New York City Council aides are officially unionized, after 21-month campaign

The labor union representing more than 350 New York City Council aides has officially been approved by the city, paving the way for the Association of Legislative Employees, which is now the country’s largest legislative staff union, to collectively bargain with the City Council. That’s a capstone on a nearly two year long public process that was delayed by the ongoing COVID-19 pandemic. 

“This is about pay equity, it’s about consistent standards, it’s about fair grievance procedures. And it’s really about lifting up the professional standards of the City Council so we can do the best we can for the people of New York,” said Daniel Kroop, a member of the ALE core committee and a senior legislative finance analyst for the City Council. “We’re really excited to take this to the next level, now that the long recognition struggle is complete. We’ve been victorious. It’s a real testament to the strength of the staff of the City Council.”

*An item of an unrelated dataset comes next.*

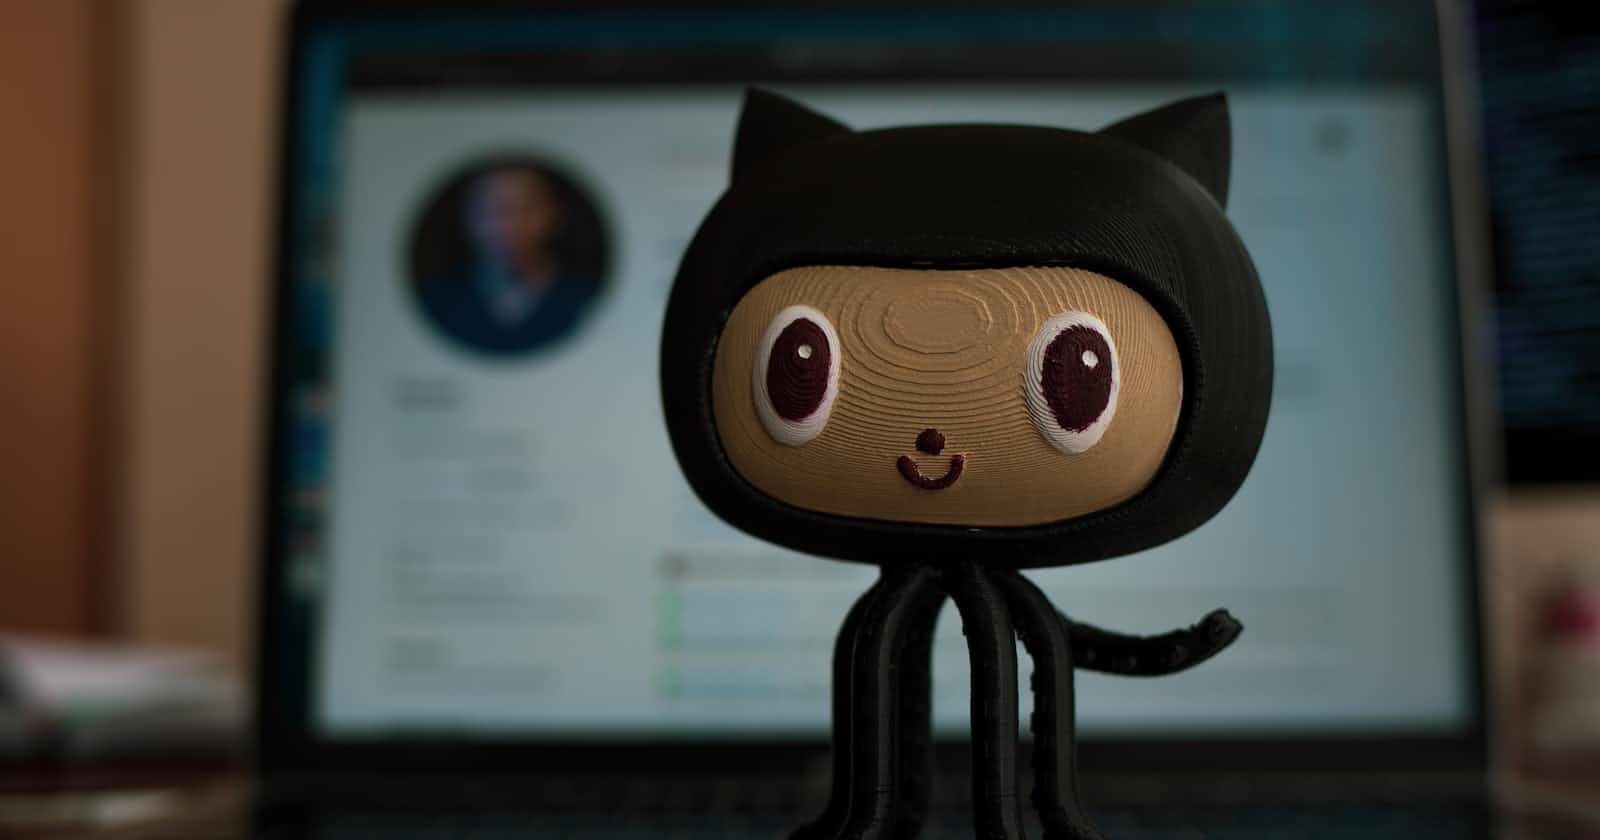 Getting Started With GitHub

Talk of unionization has percolated among City Council staff for more than a decade, but the recent push became public in November 2019 when member staffers, who work for individual Council members rather than the Council as a whole, promoted an analysis of their low pay and long hours. They then launched a card campaign, and after securing a majority of support, called on City Council Speaker Corey Johnson to voluntarily recognize the union in January of 2020. Johnson publicly supported the effort, but legal concerns and the coronavirus pandemic slowed the process. When the union seemed close to formal recognition last summer, ALE had to launch a second union card check, since the previously signed union recognition cards had expired after seven months. In December, the unionization effort was approved to represent 23 financial analysts who work as part of the Council’s central staff, but the much larger effort to unionize member staff continued. In April 2021, the Council quietly passed a resolution that would allow the speaker of the Council to collectively bargain with staff of the 50 other individual members. And on August 13, the New York City Office of Collective Bargaining officially certified ALE’s petition for voluntary recognition of representing Council member aides, exploding the size of the union to nearly 400 members. 

ALE exclusively shared the news with City & State and plans to hold a rally and press conference celebrating the recognition at 11 a.m. Thursday in City Hall Park, ahead of the Council’s one stated meeting for the month of August. 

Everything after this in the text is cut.